NEW YORK (Reuters) - Housing and credit market turmoil drove Citigroup Inc to its fourth straight quarterly loss and $13 billion of write-downs and credit losses, but the giant U.S. bank still wants to acquire deposits after its bid to acquire much of Wachovia Corp failed.
Citigroup, until this quarter the nation’s the largest by assets, is in a difficult spot because it is experiencing rising losses from traditional lending operations, such as U.S. credit cards, even as losses continue from repackaged mortgage debt and other securities on its balance sheet.
On top of this, emerging markets, a key engine of Citigroup’s growth, are becoming much less profitable and in some countries are big money losers.
Chief Financial Officer Gary Crittenden said in an interview that losses are entering a new phase, moving away from securities writedowns, which can make earnings volatile, and toward consumer losses, which tend to rise more gradually.
“That’s an important shift,” Crittenden said, adding that “we would have interest in looking at businesses like” Wachovia, where the bank could add U.S. deposits without substantial downside risk.
Citigroup investors are looking for signs of stability after the bank posted losses of $20.3 billion in the last year and more than $71 billion worth of writedowns and credit losses over five quarters.
The bank’s effort to buy Wachovia’s retail and investment banking businesses for $2.16 billion cheered some analysts, who had long pressed the bank to boost its U.S. deposit base, which can provide stable funding.

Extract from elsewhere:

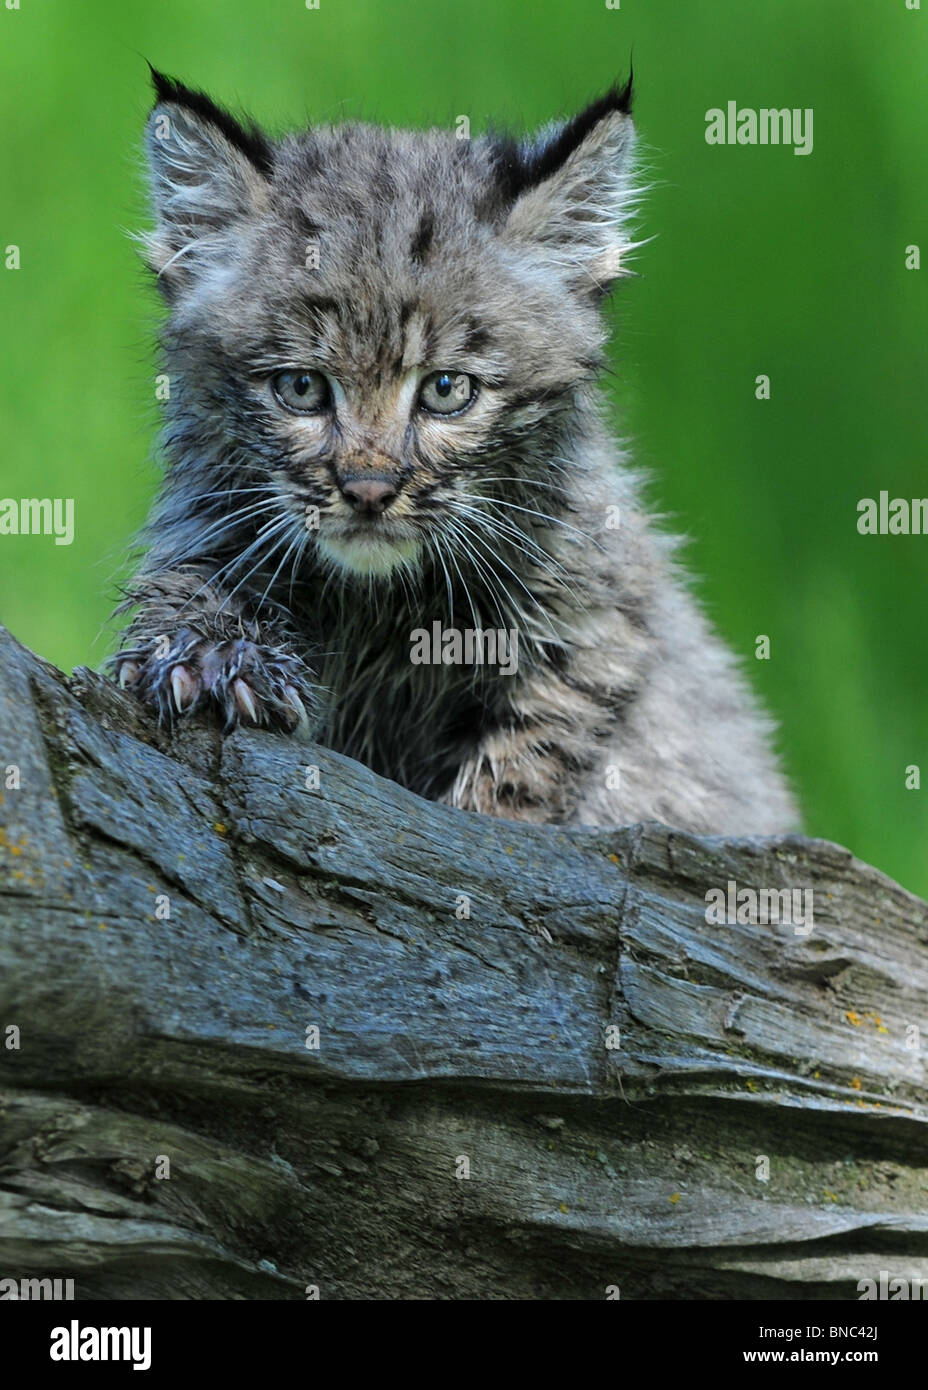 Baby bobcat closeup Stock Photo

Wells Fargo & Co beat out Citigroup with a $15.1 billion bid for all of Wachovia.
“We are in an environment where more deposits is better than less,” said Michael Holland, who oversees more than $4 billion at Holland & Co and does not own Citigroup stock.
Citigroup’s third-quarter net loss totaled $2.82 billion, or 60 cents per share, compared with a profit of $2.21 billion, or 44 cents, a year earlier. Its loss from continuing operations was $3.42 billion, or 71 cents per share, compared with analysts’ average estimates of a 70 cent a share loss.

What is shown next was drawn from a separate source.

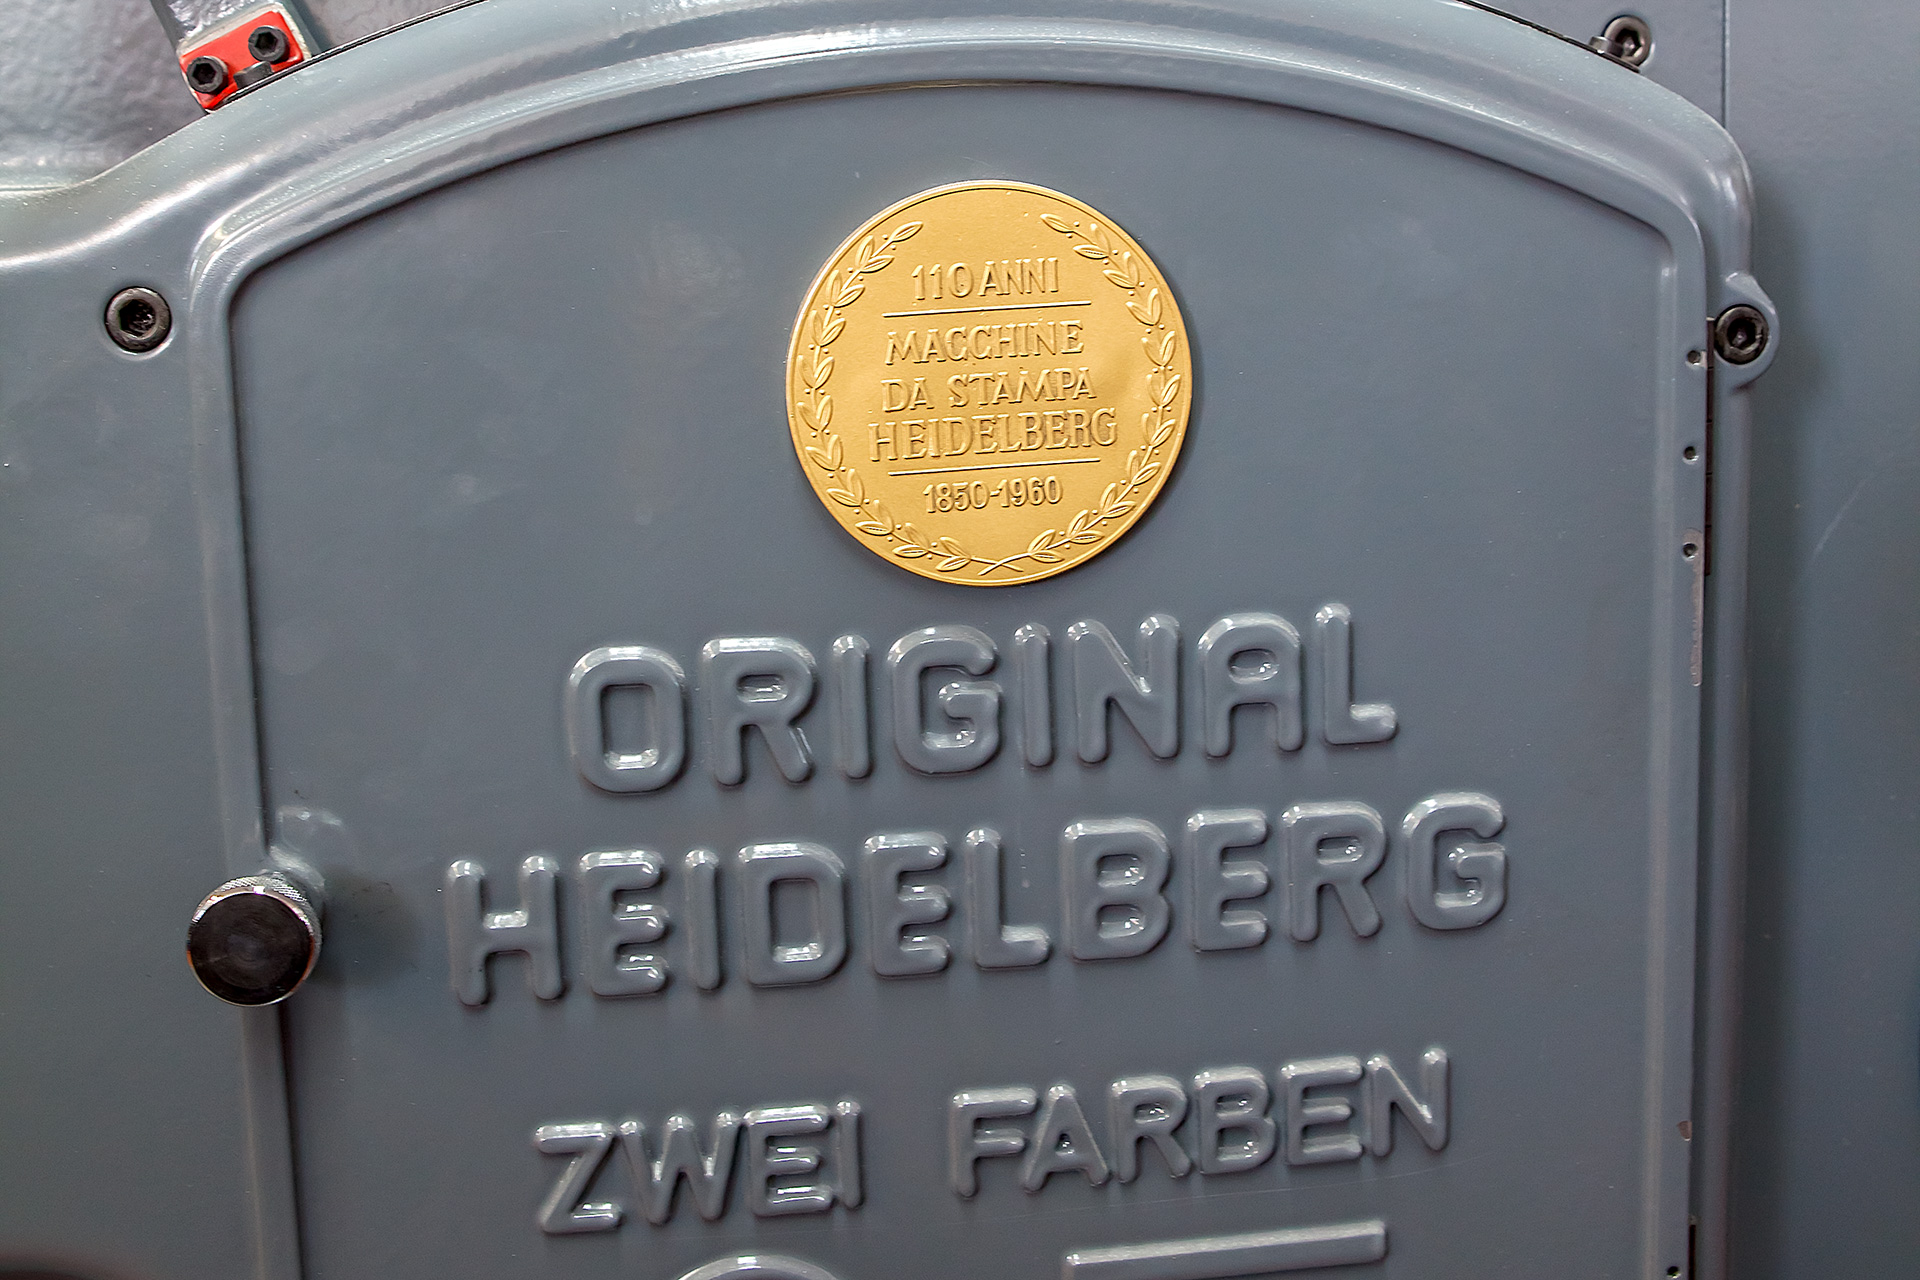 Mack - Geschichte - historische Maschine von Heidelberg

Revenue fell 23 percent to $16.68 billion. Expenses totaled $14.43 billion, up 2 percent from a year earlier, but down 8 percent from the second quarter.
Citigroup shed $50 billion in assets during the third quarter, ceding its title as the largest U.S. bank by assets to JPMorgan Chase & Co. Chief Executive Vikram Pandit is looking to shed $400 billion of assets to strengthen the bank’s balance sheet.

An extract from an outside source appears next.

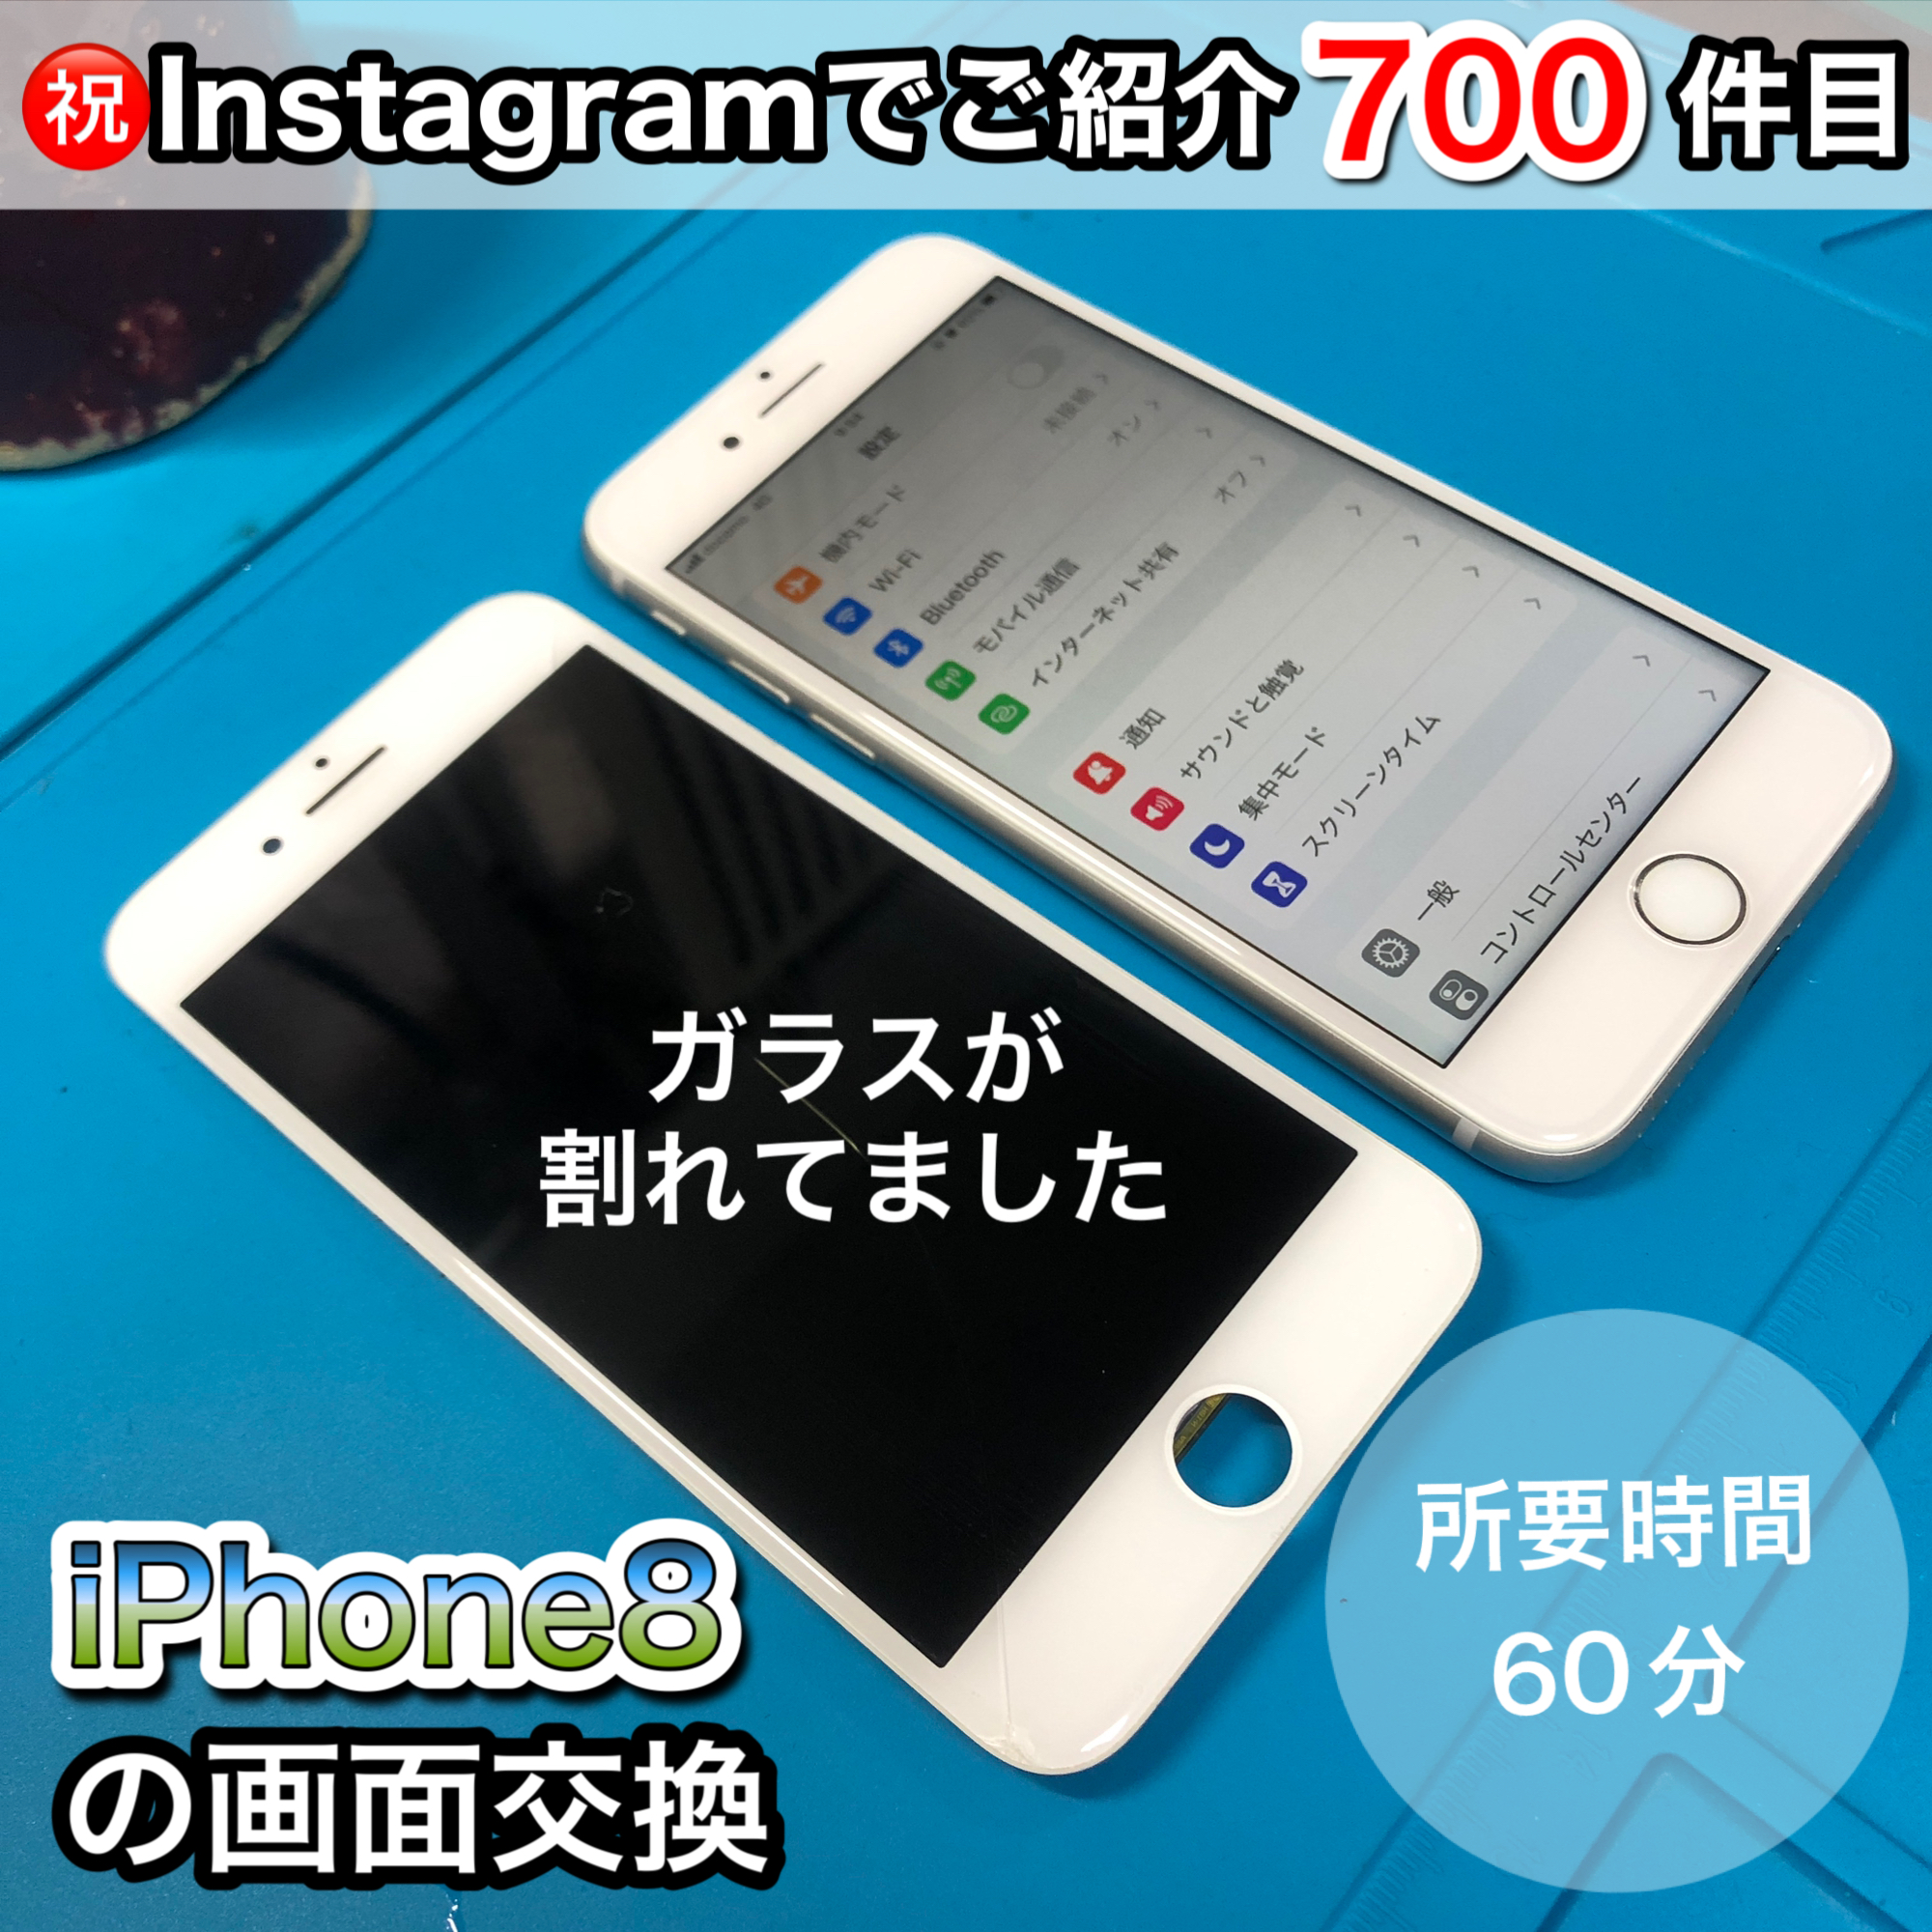 【福岡東公園店】Instagramでの修理事例が700件となりました!！

JPMorgan ended September with $2.25 trillion in assets, compared with $2.05 trillion at Citigroup. Bank of America Corp would pass both if it completes its planned acquisition of Merrill Lynch & Co Inc in early 2009.
Citigroup also cut 11,000 jobs during the quarter, leaving it with 352,000 employees.
The bank’s shares fell 33 cents, or 2 percent, to close at $15.90 on the New York Stock Exchange and are down 46 percent this year. The KBW Bank Index rose 2.6 percent on Thursday and broad U.S. market indexes rose more than 4 percent.
Quarterly results reflected $4.42 billion of net writedowns tied to mortgage debt, leveraged loans and other investments, and a $612 million charge for a regulatory settlement related to auction-rate securities.
Citigroup also reported an 86 percent increase in credit costs to $9.1 billion, including $4.92 billion in net credit losses and a $3.9 billion increase in loan loss reserves.
On a conference call, Crittenden said there was broad deterioration in consumer credit worldwide, with particular stress in Brazil, India and Mexico. The bank operates in more than 100 countries.
Credit losses have spurred Citigroup to raise more than $40 billion in capital from investors.
The bank is also receiving $25 billion from the U.S. Treasury Department’s Troubled Asset Relief Program, one of nine banks to receive initial injections.
“Being handed $25 billion means they don’t have to come to the market and I think that’s huge,” said Anton Schutz, president of Mendon Capital Advisors Corp in Rochester, New York, which owns Citigroup shares.
Citigroup’s Tier-1 capital ratio, a measure of its ability to cover losses, was 8.2 percent as of September 30, compared with 8.74 percent three months earlier and 7.12 percent at the end of 2007. Regulators consider 6 percent sufficient.
In the interview, Crittenden said the bank has no compelling need to raise more capital now.
He offered few details on how the bank will use the new capital, but said Citigroup wants to expand in retail banking, credit cards, investment banking and trading, wealth management and transaction services.